En muchos casos es posible que no tengamos acceso al router por lo que habría que buscar otras formas.

Detectar ordenadores en mi red local desde la consola

El primer paso es saber qué formato tienen las IP de nuestra red. Abrimos una consola y tecleamos:

$ ifconfig

que mostrará algo como:

eth1      Link encap:Ethernet  HWaddr 00:24:2b:a5:7d:b3  
          inet addr:192.168.1.103  Bcast:192.168.1.255  Mask:255.255.255.0
          inet6 addr: fe80::224:2bff:fea5:7db3/64 Scope:Link
          UP BROADCAST RUNNING MULTICAST  MTU:1500  Metric:1
          RX packets:23155 errors:0 dropped:0 overruns:0 frame:235583
          TX packets:17955 errors:19 dropped:0 overruns:0 carrier:0
          collisions:0 txqueuelen:1000 
          RX bytes:17069467 (17.0 MB)  TX bytes:2957881 (2.9 MB)
          Interrupt:19

Aquí vemos que la red tiene un formato 192.168.1.X y que la IP de broadcast (para buscar todos los equipos) es 192.168.1.255 (es la que viene justo detrás de Bcast:).

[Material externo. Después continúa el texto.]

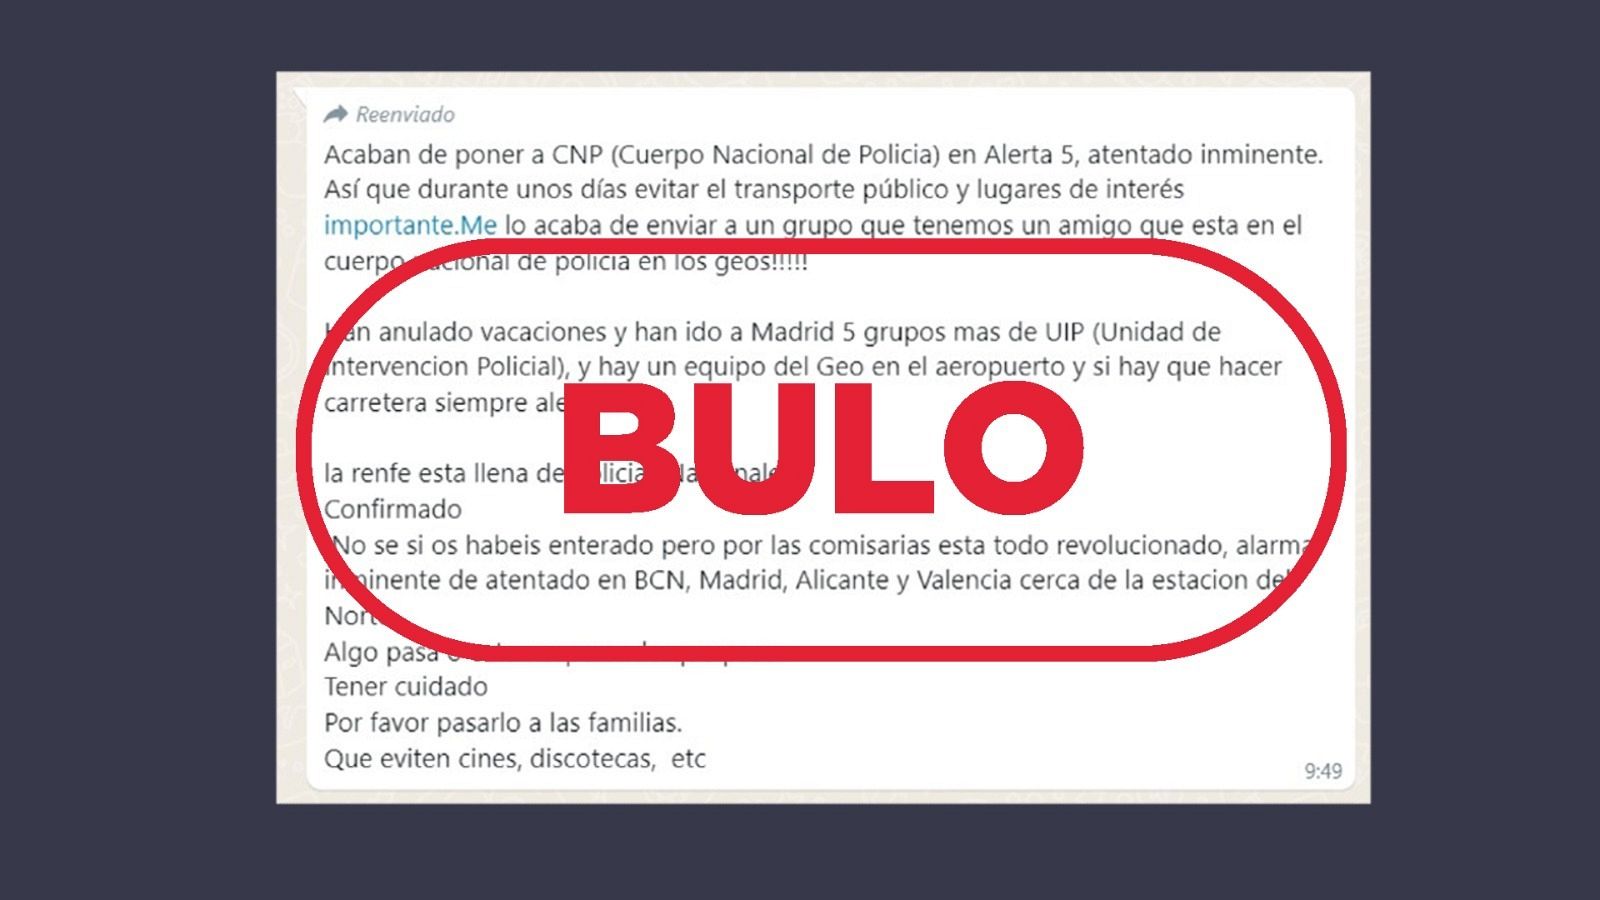 Alerta antiterrorista en España: Mensaje de WhatsApp que difunde la falsa idea de que España está en nivel 5 por alerta antiterrorista, con el sello Bulo en rojo de VerificaRTVE.

así que con estos datos podemos hacer:

$ ping -b 192.168.1.255

Este método no siempre funciona porque, por ejemplo, algunos equipos no responden a los pings. En mi red local no responde ninguno.

Detectar ordenadores con nmap

Si no te ha funcionado el anterior método no desesperes, hay otra forma. En la consola teclea:

sudo nmap -sP 192.168.1.1-254

nmap mostrará un resultado similar a éste:

Nmap scan report for 192.168.1.1
Host is up (0.0022s latency).
MAC Address: C1:3D:C7:82:38:AD (Netgear)
Nmap scan report for 192.168.1.101
Host is up (0.0026s latency).
MAC Address: 00:22:F7:26:39:9D (Conceptronic)
...
Nmap scan report for 192.168.1.108
Host is up (0.14s latency).
MAC Address: 44:33:4C:60:06:DA (Unknown)
Nmap scan report for 192.168.1.120
Host is up (0.030s latency).
MAC Address: B8:27:EB:D8:7E:37 (Raspberry Pi Foundation)

(sí, hay una Raspberry Pi en mi red).

Podemos ver que por cada dispositivo tenemos esta información:

Nmap scan report for 192.168.1.101
Host is up (0.0026s latency).
MAC Address: 00:22:F7:26:39:9D (Conceptronic)

Aquí tenemos la IP del dispositivo, su MAC y algo de información adicional (lo que aparece en el paréntesis).

Nota: Si no hubiésemos sacado el listado con sudo no tendríamos las direcciones MAC.